Air Canada must pay a passenger hundreds of dollars in damages after its online chatbot gave the guy wrong information before he booked a flight.

Jake Moffatt took the airline to a small-claims tribunal after the biz refused to refund him for flights he booked from Vancouver to Toronto following the death of his grandmother in November last year.

Before he bought the tickets, he researched Air Canada's bereavement fares – special low rates for those traveling due to the loss of an immediate family member – by querying its website chatbot.

Unhappy with this situation – a support bot telling him the wrong info – Moffatt took the airline to a tribunal, claiming the corporation was negligent and misrepresented information, leaving him out of pocket.

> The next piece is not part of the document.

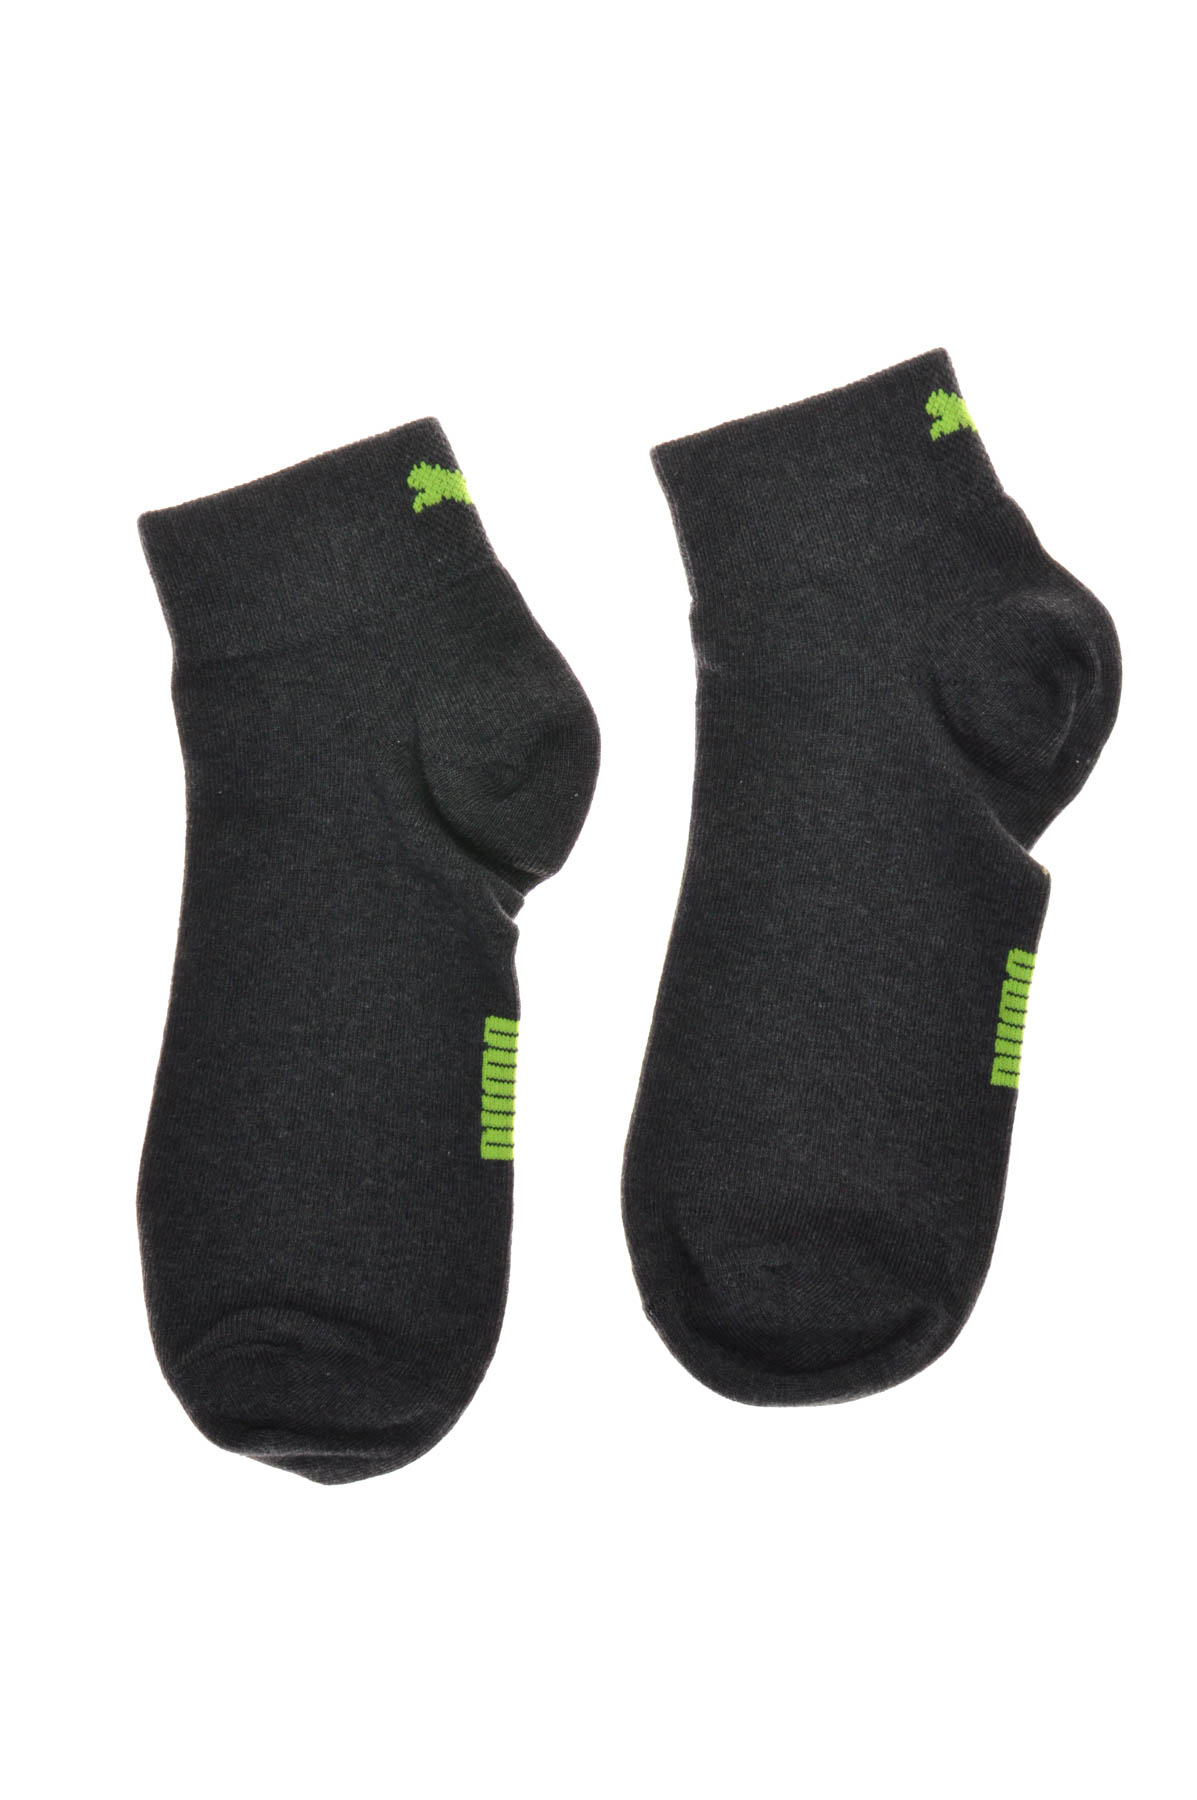 ανδρικές κάλτσες - 0

Air Canada, however, argued it shouldn't be held liable for the chatbot's faulty outputs, without explaining why, which baffled tribunal member Christopher Rivers.

Air Canada said its chatbot provided a link to a page on its website explaining that refunds for discounted fares cannot be claimed retroactively, and Moffatt should have clicked on it.


The original article contains 626 words, the summary contains 180 words. Saved 71%. I'm a bot and I'm open source!